- Born: October 16, 1929 New York City, New York, U.S.A.
- Died: February 13, 2016 (aged 86) Palo Alto, California, U.S.A.
- Education: Massachusetts Institute of Technology
- Known for: Quine–McCluskey algorithm
- Children: Edward R. McCluskey, Rosemary McCluskey, Therese McCluskey, Joseph McCluskey, Kevin McCluskey, David McCluskey
- Scientific career
- Fields: Electrical engineering
- Thesis: Algebraic Minimization and the Design of Two-Terminal Contact Networks (1956)
- Doctoral advisor: Samuel H. Caldwell
- Notable students: Alvy Ray Smith Janusz Brzozowski

= Edward J. McCluskey =

American engineer

Edward Joseph McCluskey (October 16, 1929 - February 13, 2016) was a professor at Stanford University. He was a pioneer in the field of Electrical Engineering.

==Biography==
McCluskey was born October 16, 1929, in New York City. He graduated from Bowdoin College in 1953 and earned his Ph.D. in Electrical Engineering from Massachusetts Institute of Technology in 1956.
McCluskey worked on electronic switching systems at the Bell Telephone Laboratories from 1955 to 1959. In 1959, he moved to Princeton University, where he was Professor of Electrical Engineering and Director of the University Computer Center. In 1966, he joined Stanford University, where he was Emeritus Professor of Electrical Engineering and Computer Science, as well as Director of the Center for Reliable Computing. He founded the Stanford Digital Systems Laboratory (now the Computer Systems Laboratory) in 1969 and the Stanford Computer Engineering Program (now the Computer Science MS Degree Program) in 1970. The Stanford Computer Forum (an Industrial Affiliates Program) was started by McCluskey and two colleagues in 1970 and he was its Director until 1978. Professor McCluskey led the Reliability and Testing Symposium (RATS). McCluskey served as the first President of the IEEE Computer Society. He died on February 13, 2016.
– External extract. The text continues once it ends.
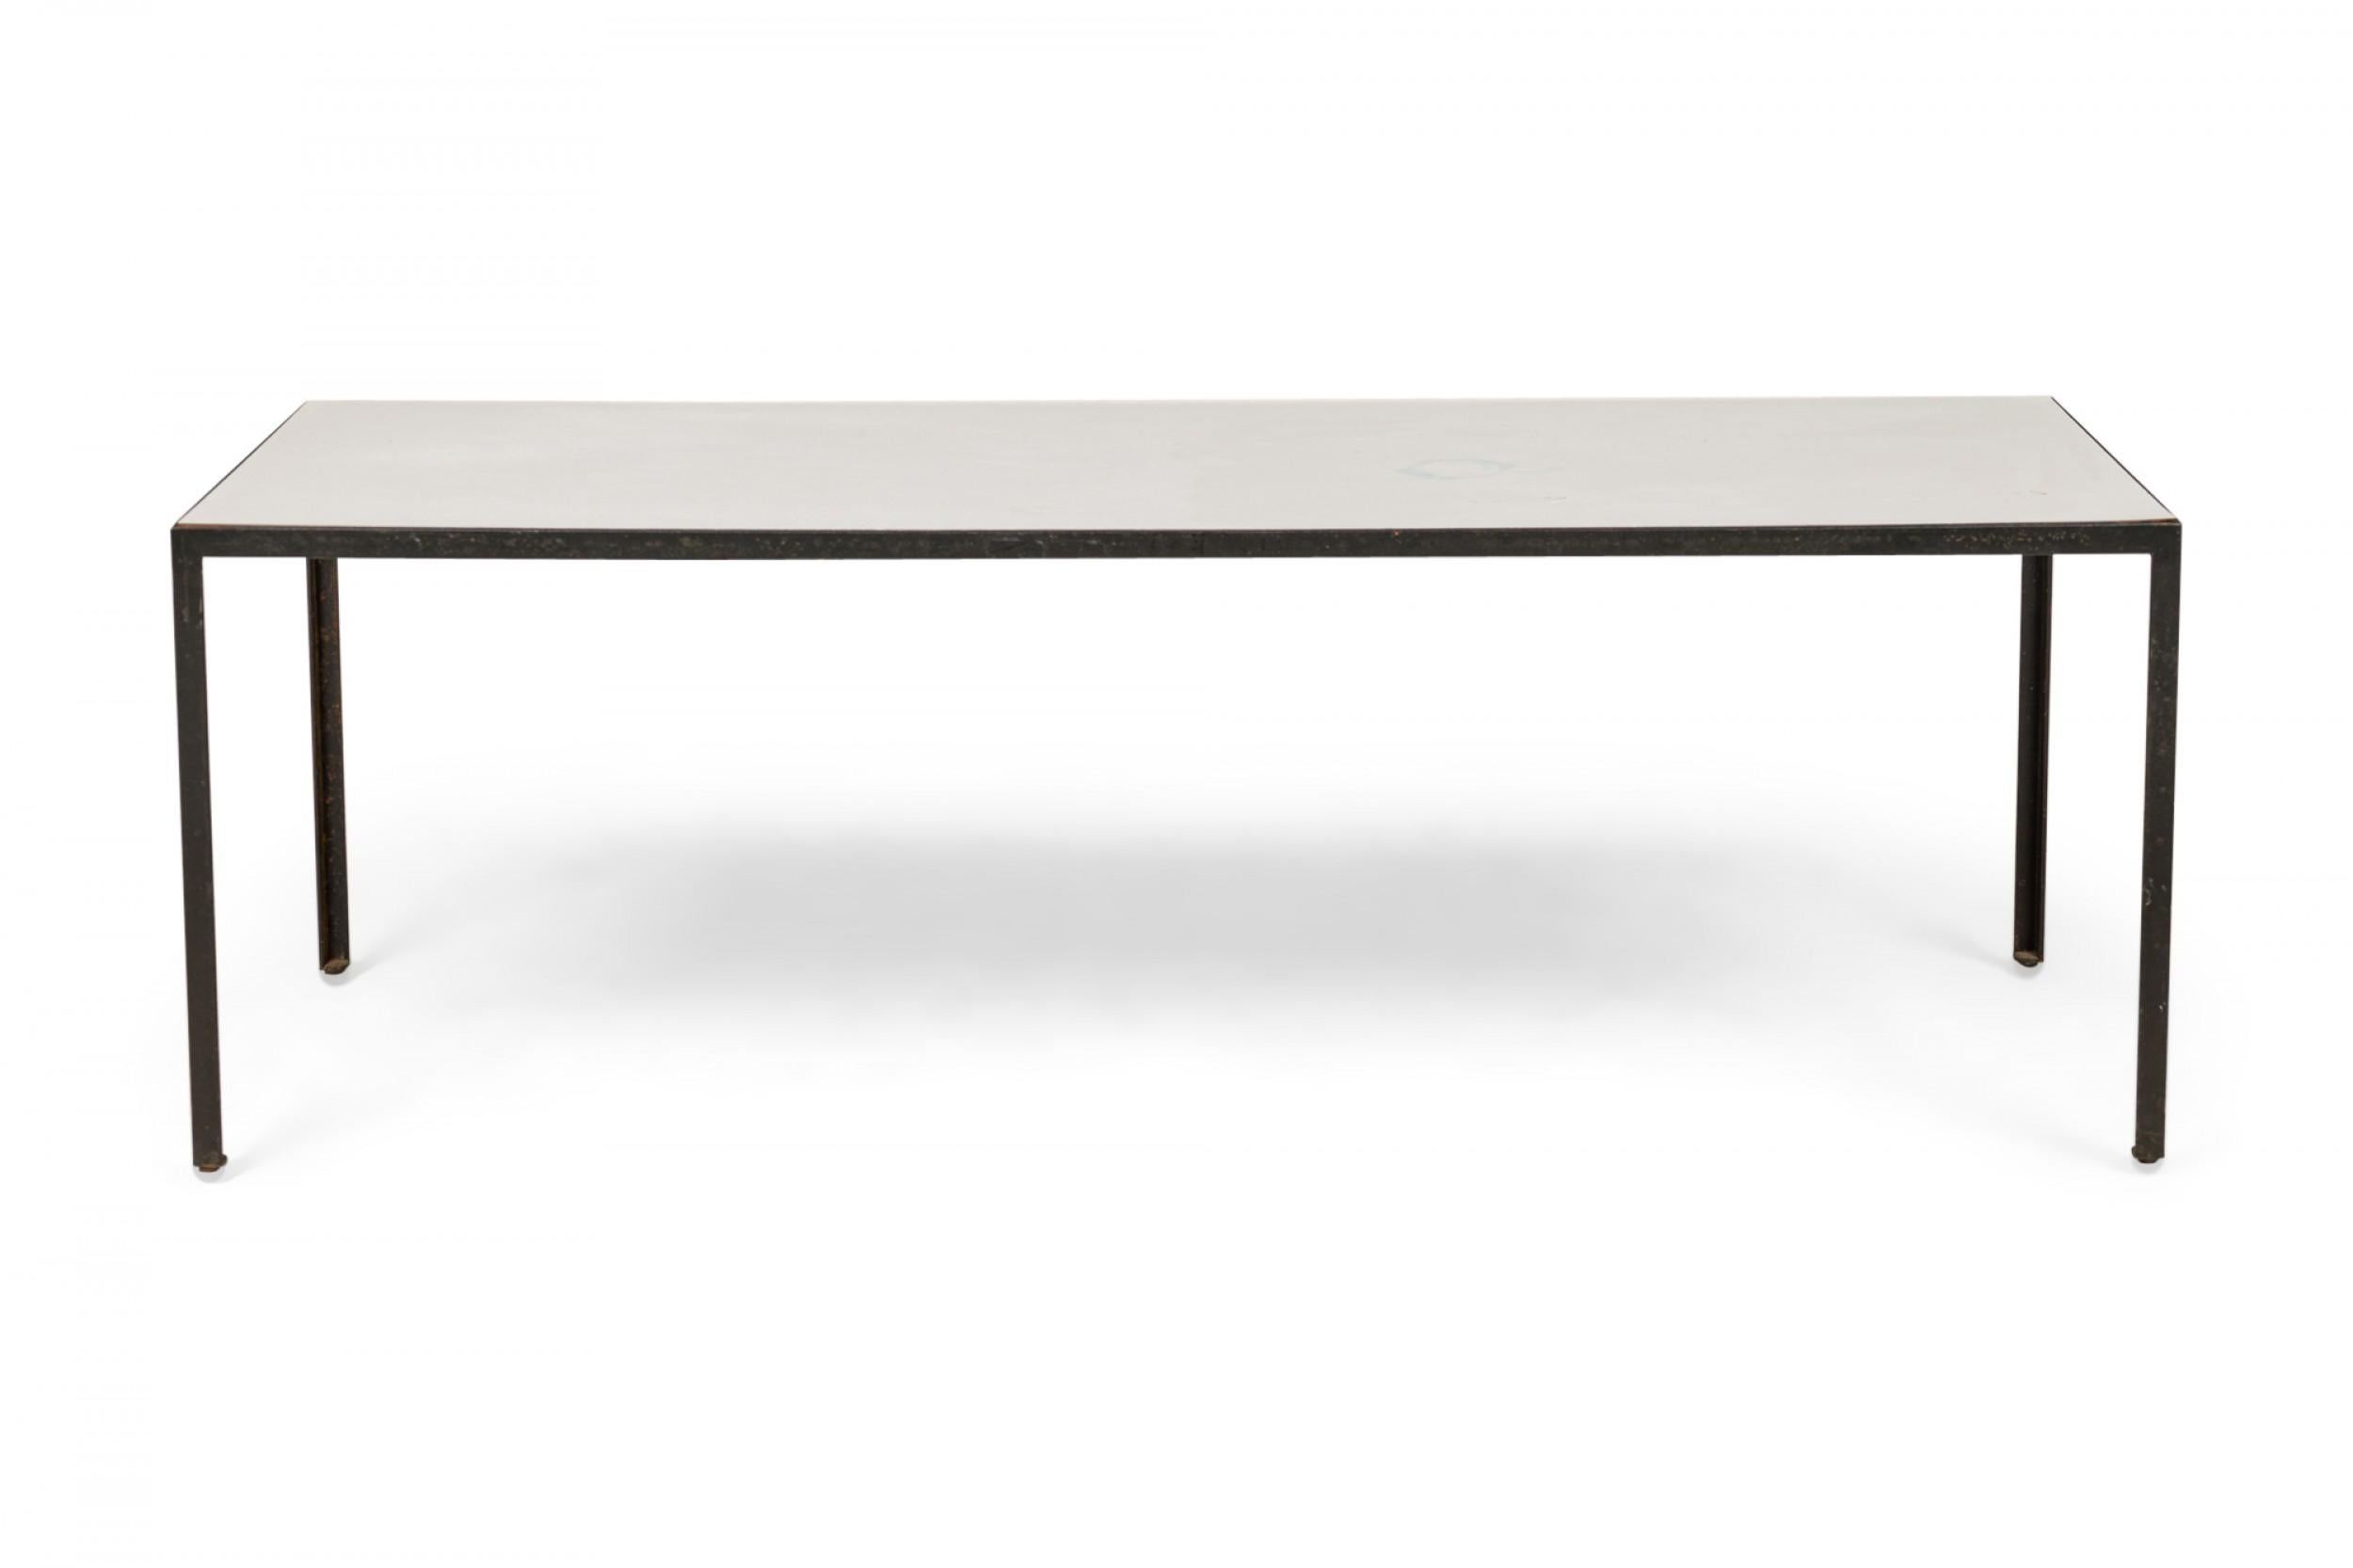 Table basse / cocktail rectangulaire de style américain Mid-Century avec un plateau en stratifié blanc reposant sur une base minimaliste en acier noir. (GEORGE NELSON / HERMAN MILLER)

He was known for his disarming wit and occasional eccentric habits, like his hat collection.

==Focus of research==
McCluskey developed the first algorithm for designing combinational circuits – the Quine–McCluskey logic minimization procedure – as a doctoral student at MIT. His 1956 thesis, supervised by Samuel H. Caldwell, was entitled Algebraic Minimization and the Design of Two-Terminal Contact Networks. At Bell Labs and Princeton, he developed the modern theory of transients (hazards) in logic networks and formulated the concept of operating modes of sequential circuits. He collaborated with Signetics researchers in developing one of the first practical multivalued logic implementations and then worked out a design technique for such circuitry.
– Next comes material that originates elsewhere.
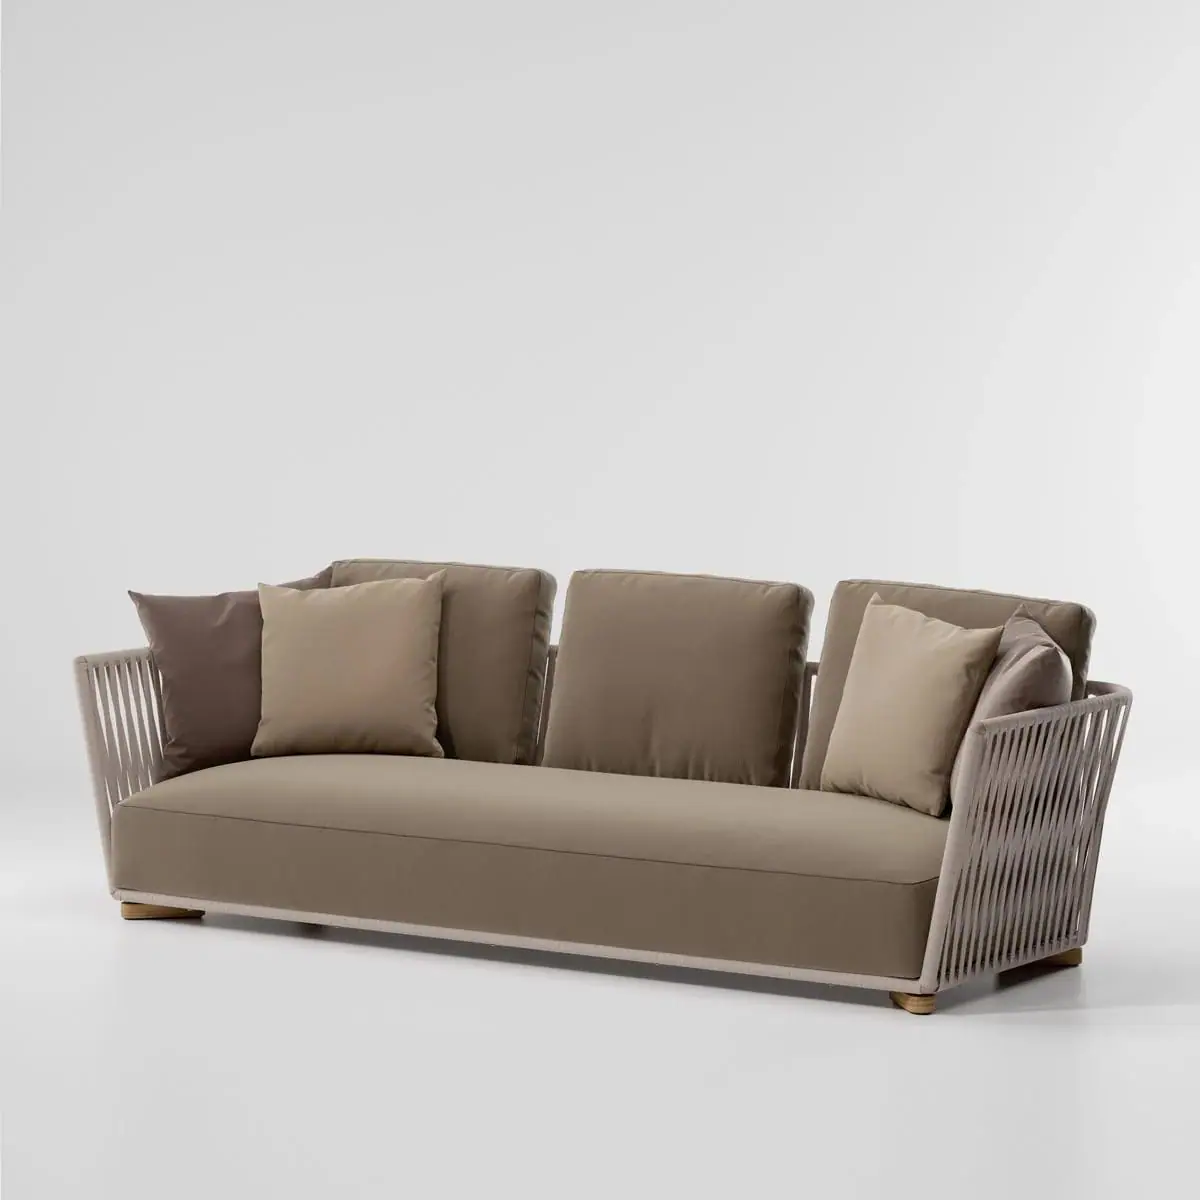 kettal-granbitta-sofa01

His Stanford research focuses on logic testing, synthesis, design for testability, and fault-tolerant computing. Professor McCluskey and his students at the Center for Reliable Computing worked out many key ideas for fault equivalence, probabilistic modeling of logic networks, pseudo-exhaustive testing, and watchdog processors.

==Academic descendants==
He proudly claimed his students as his main product. He had mentored over 70 PhD students and has an expanding family of academic 'grandchildren'. His direct students include Jacob A. Abraham, Daniel Siewiorek, Nur Touba, Subhasish Mitra, Mehdi Tahoori, Jacob Savir, and Ken Wagner; his academic 'grandchildren' include Prithviraj Banerjee, Wesley Kent Fuchs, and Mario Barbacci.

==Awards and honors==
McCluskey is the recipient of the 1996 IEEE Emanuel R. Piore Award "for pioneering and fundamental contributions to design automation and fault tolerant computing."

He is also the recipient of the 2012 IEEE John von Neumann Medal, "for fundamental contributions that shaped the design and testing of digital systems."

McCluskey received the 2008 Computer Pioneer Award from the IEEE Computer Society "for seminal contributions to the design and synthesis of digital systems over five decades, including the first algorithm for logic synthesis (the Quine–McCluskey method);" he also earned the 1991 Taylor Booth Award for "outstanding service as a computer science & engineering educator and for inspiring students and educators alike through his prolific contribution as a teacher, author, curriculum developer & graduate research supervisor."

The IEEE Computer Society named its Technical Achievement Award in honor of McCluskey: The Edward J. McCluskey Technical Achievement Award.

He was a Fellow of the Institute of Electrical and Electronics Engineers (IEEE), the American Association for the Advancement of Science (AAAS), and the Association for Computing Machinery (ACM); and an elected member of the National Academy of Engineering (NAE) (1998).

He received honorary doctorates from the University of Grenoble and Bowdoin College.

He was honored at a special session of 2008 ACM/SIGDA San Jose, California on November 10–13, 2008, where tributes were shared by distinguished researchers Robert K. Brayton, Bernard Courtois, Giovanni De Micheli, Ravishankar K. Iyer, Daniel P. Siewiorek, Tom Williams and Yervant Zorian.